Within 10 years of the first human genome being sequenced, the cost of next-generation sequencing was reducing rapidly. Combined with advances in sequencing technology, this meant that exploring the genetic variation in large numbers of people was becoming increasingly tangible.
The 1000 Genomes Project was launched in 2007 with the aim of forming a public reference database to catalogue human genetic variation across major human population groups. In 2012, Gil McVean and colleagues presented phase one, the genomes of 1,092 individuals across 14 populations (including Europe, East Asia, sub-Saharan Africa and the Americas). They combined targeted deep exome sequencing, low-coverage whole-genome sequencing and dense single-nucleotide polymorphism (SNP) genotyping to establish one of the first high-quality resources of its kind. A key feature of this resource included a haplotype map consisting of 38 million SNPs. Low-frequency variants in the non-coding genome were also characterized, showing the ways in which purifying selection acts at functionally relevant sites in the genome. It highlighted the need for rare variants to be interpreted in the context of local genetic background and produced the first ‘null expectation’, that is, the number of rare, low-frequency and common variants one would expect to find in individuals across different populations.
The methods, technologies and systems developed to form the dataset provided a framework for the generation of large-scale genetic catalogues.
By the time the project reached its final phase in 2015, the dataset represented more than 2,500 individuals from 26 human populations and had contributed to or validated 80% of the variants in the dbSNP catalogue. In the final iteration, Adam Auton and colleagues painted a picture of what a typical human genome looks like, that is, one that consists of around 4–5 million sites that differ from the human reference genome and with variation that differs substantially among population groups.
More recent catalogues of human genetic variation have included the Exome Aggregation Consortium (ExAC) and the Genome Aggregation Database (gnomAD). Released in 2016, the ExAC database was the aggregation of exome sequencing data from more than 60,000 individuals of diverse ancestries (European, African, South Asian, East Asian and Latino ancestries).

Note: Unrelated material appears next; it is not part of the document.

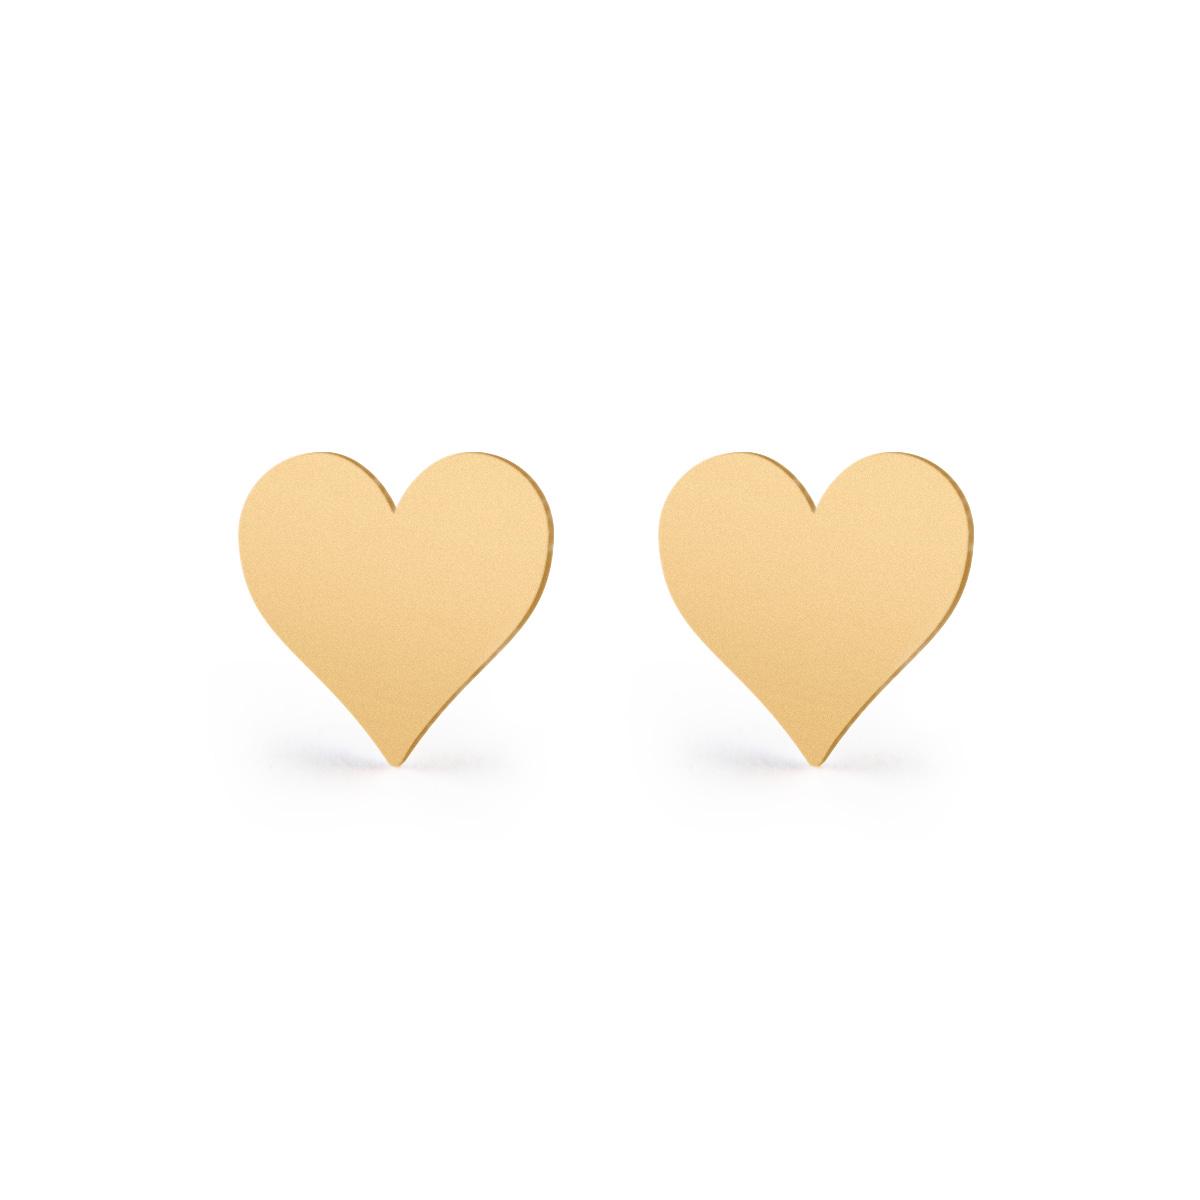 گوشواره طلا 18 عیار زنانه ریسه گالری کد 3024

ExAC has now been replaced by gnomAD, which contains 125,748 exomes and 76,156 genomes in its current release, representing the largest catalogue of human variation.

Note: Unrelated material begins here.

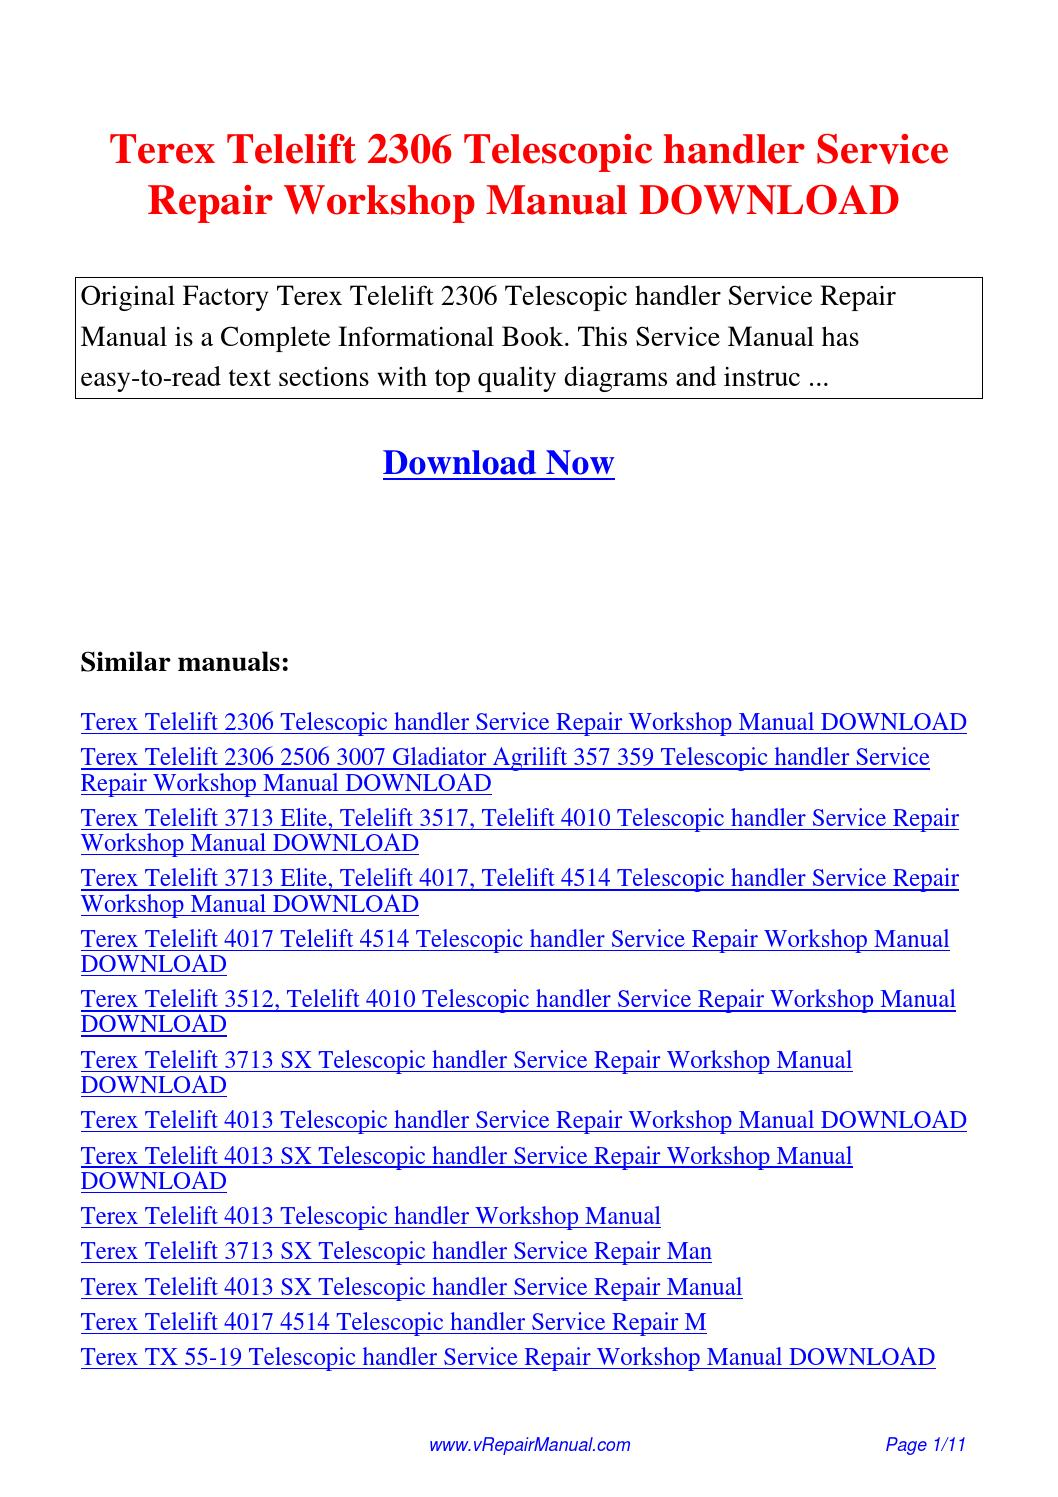 Terex Telelift 2306 Telescopic handler Service Repair Workshop Manual.pdf  by David Zhang - issuu

This catalogue includes high-quality loss-of-function (LOF) annotations, allowing researchers to zoom in on per-base variation and gene-level selection. LOF variation can be used as an in vivo model for human gene inactivation and thus an indicator of a gene’s intolerance to inactivation. By comparing expected versus observed variation, Konrad Karczewski, Monkol Lek and colleagues created metrics to quantify the sensitivity of individual genes to variation. These gene-level metrics, as well as estimates of allele frequencies, have been invaluable for the human clinical genetics community when filtering or classifying candidate pathogenic variants in rare disease analyses.
The aggregation of population-level genetic datasets has given us unprecedented access to the depths of the genome. Moreover, the public access of these databases set a precedent for related fields to continue in this spirit of data sharing.

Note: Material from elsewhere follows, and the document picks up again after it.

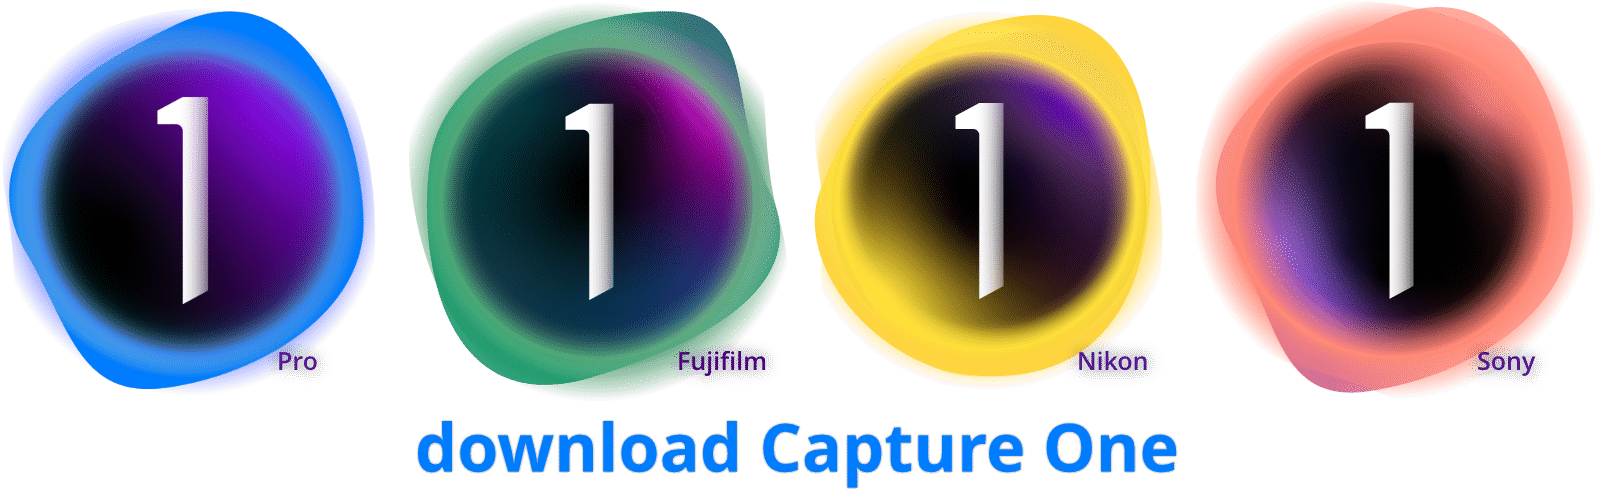 download capture one banner

While efforts have been made to include diverse population groups, many of these datasets are nearly devoid of populations from regions such as the Middle East, Oceania and large proportions of Africa. There is still a long road ahead to improve the representation of understudied population groups, making initiatives such as GenomeAsia 100K and H3Africa crucial. We also expect to see more initiatives linking genotype and phenotype information, such as the All of Us, 100,000 Genomes and TOPMed programmes. Each of these initiatives are already showing potential to fine-tune our understanding of the impact of genetic variation on human health and disease.